Le principe de non-régression n’a, en droit, jamais été absolu (I). 

Mais il a pris une relativisation particulière en matière de néonicotinoïdes, entre 2020 et 2021 : les deux ailes du Palais Royal ont, en effet, admis l’interdiction tout en validant l’exception en dépit du fait que celle-ci est intervenue après coup, ce qui la conduisait potentiellement à être contraire au principe de non-régression (II).

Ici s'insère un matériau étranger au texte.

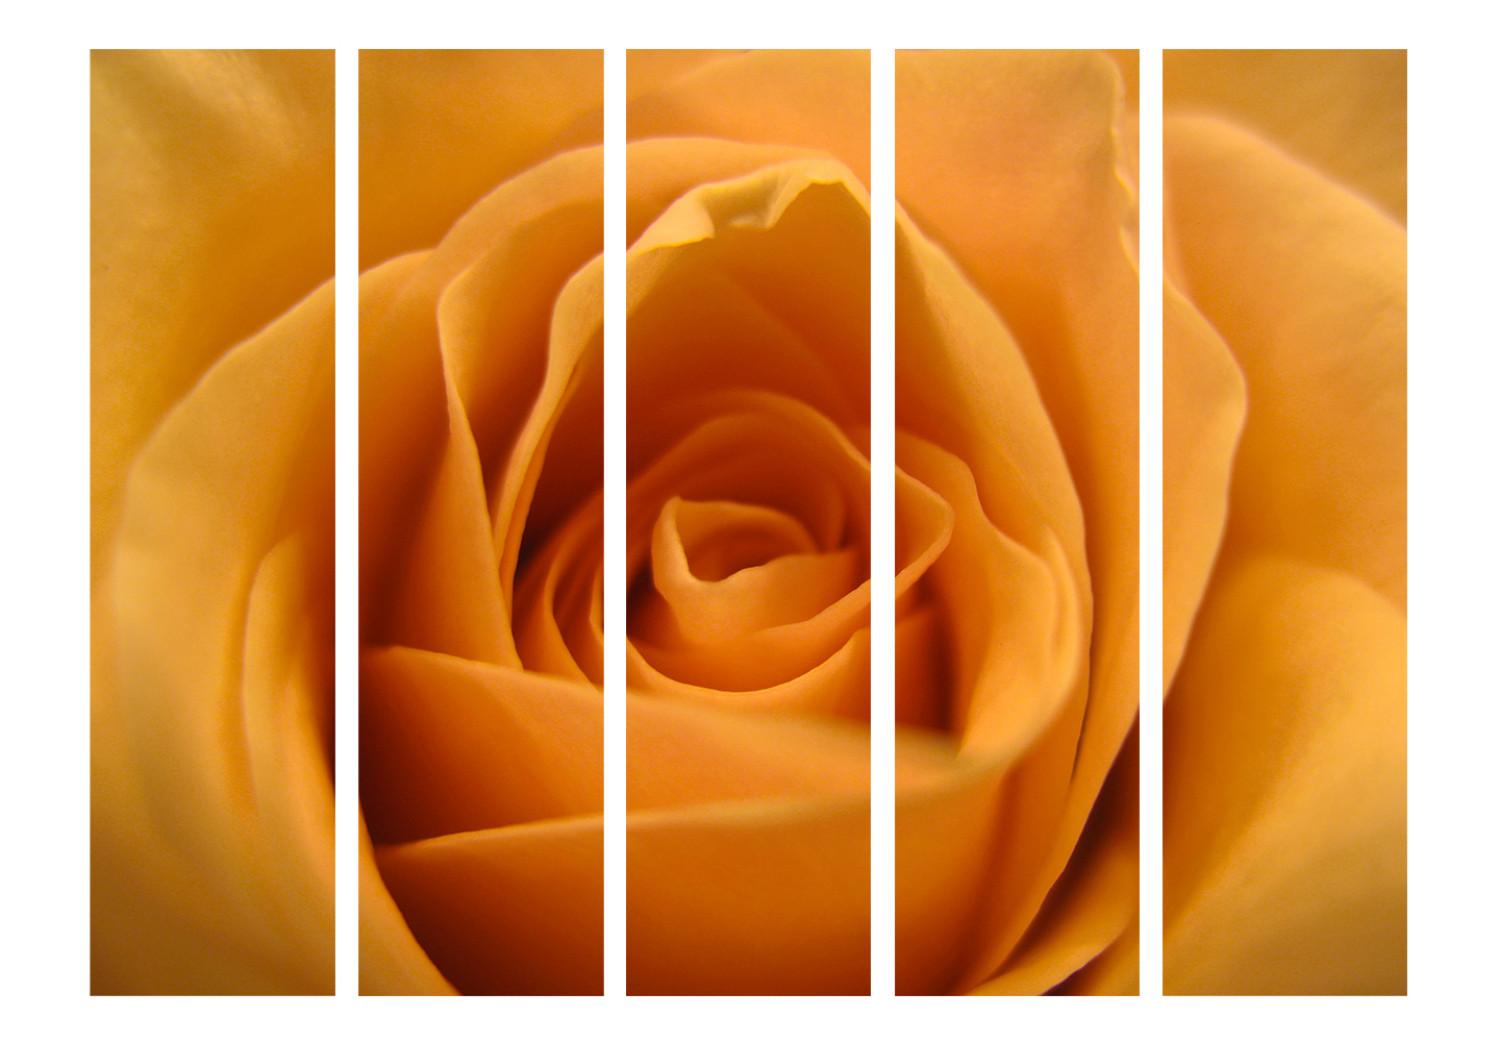 Room Divider Yellow Rose - Symbol of Friendship II - composition of a yellow-colored plant

Or, voici que le débat… ne rebondit pas avec une décision rendue le 25 février 2022. Certes, le droit et les pratiques continuent de progresser, mais lentement. Le débat juridique, lui, est au point mort, conduisant le juge des référés du Conseil d’Etat à valider le maintien du même statu quo pour la campagne de 2022 (III). Le principe de non-régression, lui, recule d’autant.  

 

I. Un principe de non-régression qui n’a jamais été absolu 

 

Aux termes du II de l’article L. 110-1 du code de l’environnement, les autorités s’inspirent, dans le cadre des lois qui en définissent la portée, du :

« principe de non-régression, selon lequel la protection de l’environnement, assurée par les dispositions législatives et réglementaires relatives à l’environnement, ne peut faire l’objet que d’une amélioration constante, compte tenu des connaissances scientifiques et techniques du moment. »

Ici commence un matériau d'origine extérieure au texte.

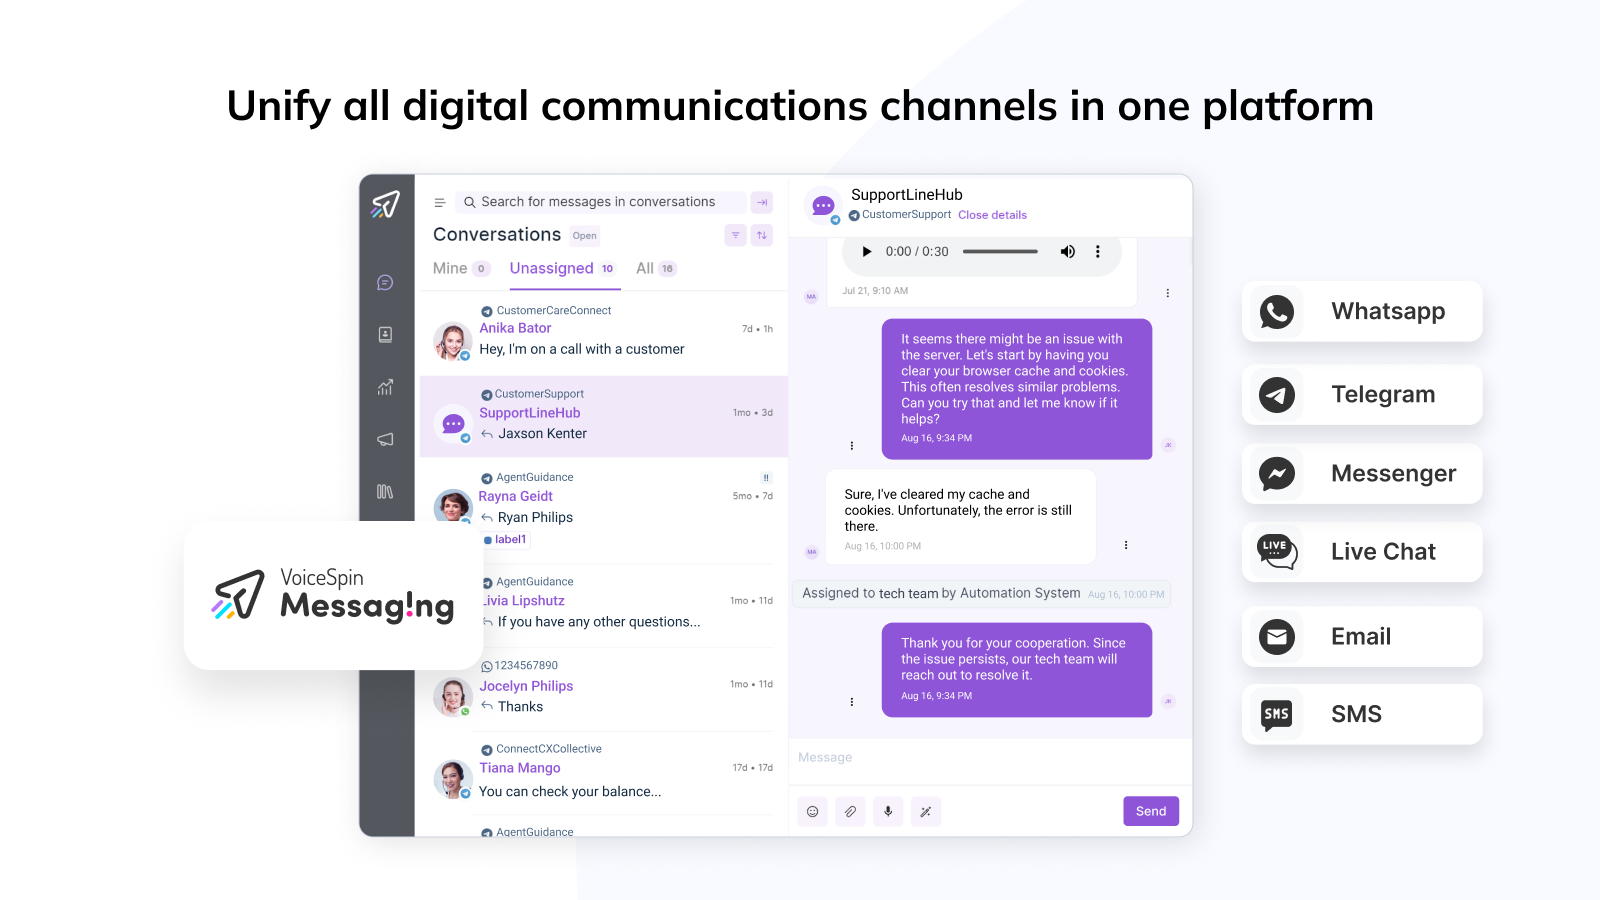 Unify all digital communications channels in one platform

Le juge fait prévaloir une interprétation raisonnée, non absolue voire parcimonieuse, de ce principe :

… Avec quelques sursauts parfois de la part du juge (voir par exemple )Annulation d’une partie de la (relative) dérégulation des ICPE au nom du principe de non-régression en matière environnementale ).Pour un exemple, en transport aérien, où il a été dit le principe de non-régression avait fait une envolée alors que cela se discute, voir CE, 9 juillet 2021, n° 439195, arrêt que j’avais commenté ici).

 

 

II. En matière de néonicotinoïdes, entre 2020 et 2021, les deux ailes du Palais Royal ont admis l’interdiction tout en validant l’exception en dépit du fait que celle-ci est intervenue après coup, ce qui la conduisait potentiellement à être contraire au principe de non-régression… lequel décidément est apprécié avec souplesse par le juge… 

 

En matière de néonicotinoïdes, le Conseil d’Etat avait l’an passé validé l’interdiction générale des néonicotinoïdes, y compris au regard du droit européen. Il l’avait d’ailleurs fait au terme d’un arrêt qui lui permettait de mieux préciser les procédures applicables entre l’Etat français et la Commission lorsqu’il s’agit d’adopter une « mesure conservatoire provisoire nécessaire à la protection de la santé humaine ou animale ou de l’environnement », ainsi que le contrôle du juge en ce domaine (limité à un contrôle restreint). Voir :

Reste la betterave sucrière, qui a donné lieu à une exception… mais une exception qui pose problème même en se limitant au droit national.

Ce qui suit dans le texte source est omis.